Più tardi, il gusto classicheggiante, presso i poeti della Pléiade fece cadere la ormai vecchia e un po' abusata forma in disuso. Poi il "prezioso" gusto dominante alla corte di Luigi XIV la fece risorgere, per opera di Sarrazin, Voiture, Lafontaine. Se non che fu breve risurrezione: il preziosismo che l'aveva richiamata in vita presto la trasse nuovamente con sé a morte, quando una nuova arte si affermò, più vicina al mondo della realtà. E morta essa già appariva non soltanto al gusto di Boileau, ma anche a quello del molieresco Trissottino, che constata nelle Femmes savantes:
La ballade, à mon goüt, est une ehose Iade,
Ce n'en est plus la mode, elle sent son vieux temps.
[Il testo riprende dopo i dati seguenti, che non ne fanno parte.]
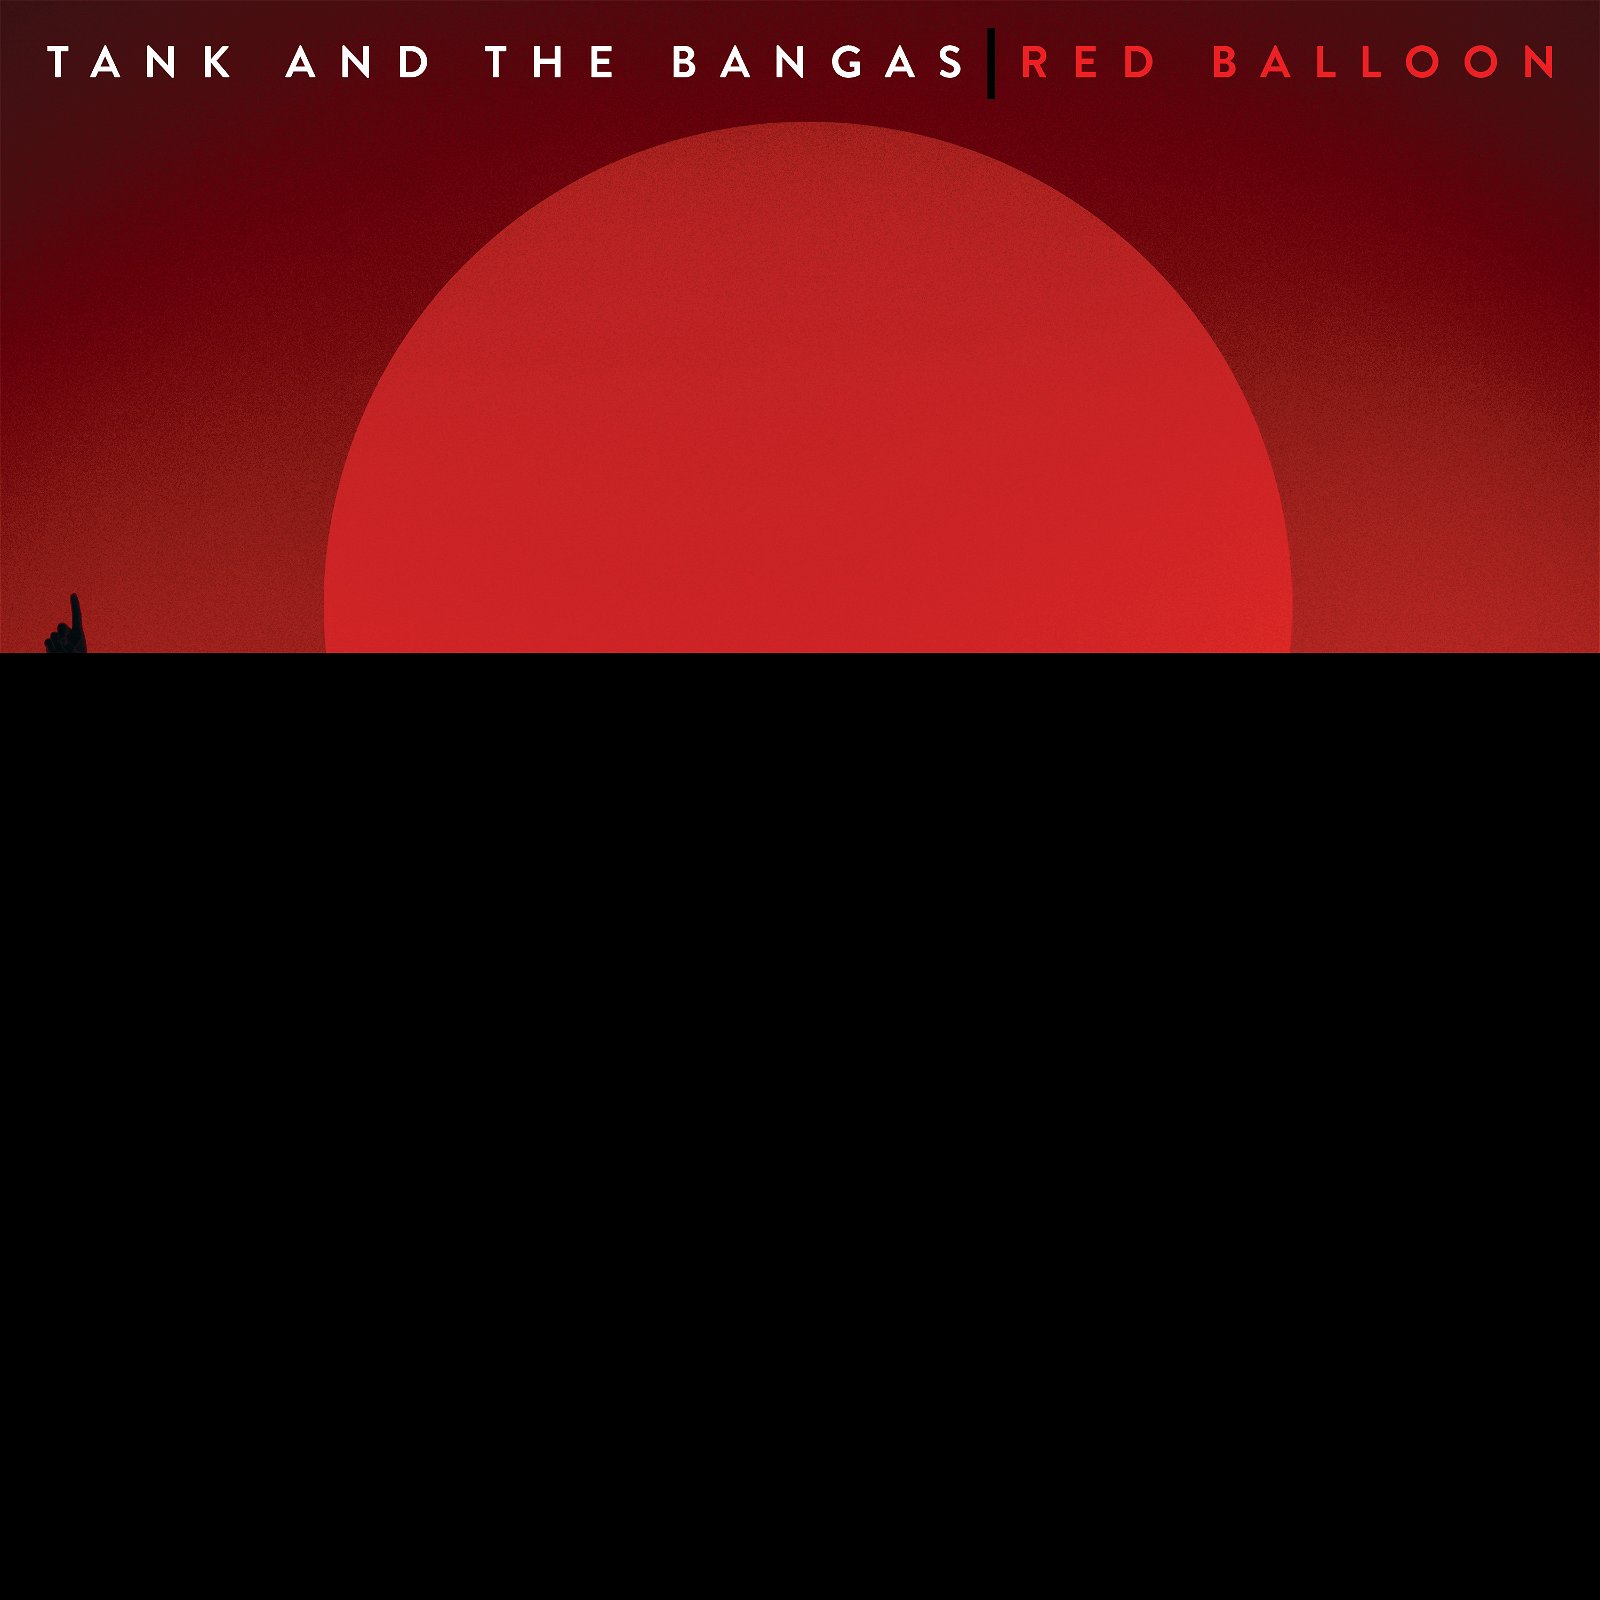 TANK AND THE BANGAS - Red Balloon, Vinyl

Appunto perché "elle sent son vieux temps" e questo "vieux temps" non poteva non esser caro all'estetismo dei tempi nuovi, essa poté invece risorgere a vita più durevole nella seconda metà del sec. XIX, non soltanto in Francia, dove la ripresero Théodore de Banville (Trente-six ballades joyeuses, 1873) e Coppée (Les sept ballades de bonne foi), ma anche in Inghilterra, dove già era stata importata nel sec. XV, coltivata fra altri dal Chaucer, e ora ritornò in fiore con A. Lang (Ballads and lyrics of old French, 1872; Ballads on blue China, 1880) e Swinburne e A. Dobson e E. Henley.
I poeti del simbolismo ne serbarono di rado fedelmente la struttura (v. ad es. Verlaine); ma tutti, da Samain a Dehmel a Hofmannsthal, ne trassero esperienza nella scelta dei loro ritmi; presso di essi tuttavia e, in generale, nella più recente letteratura, la parola ballata è venuta spesso assumendo un significato molto più lato (v. ad es. i molti volumi delle Ballades Franåaises di P. Fort, The ballad of Reading Gaol di O. Wilde, The ballad of the white Horse di Chesterton; le terzine Die Ballade von Äusseren Leben di Hofmannsthal; Die Weise von Liebe und Tod des Cornets Christoph Rilke di Rilke), adoperata per designare composizioni varie, ora lunghe ora brevi, ora in versi ora in prosa, in cui la ricchezza del colore e l'intima struttura tematico-musicale dànno alla narrazione, sempre soffusa d'un vago senso di mistero, un andamento libero e immaginoso, liricamente appassionato.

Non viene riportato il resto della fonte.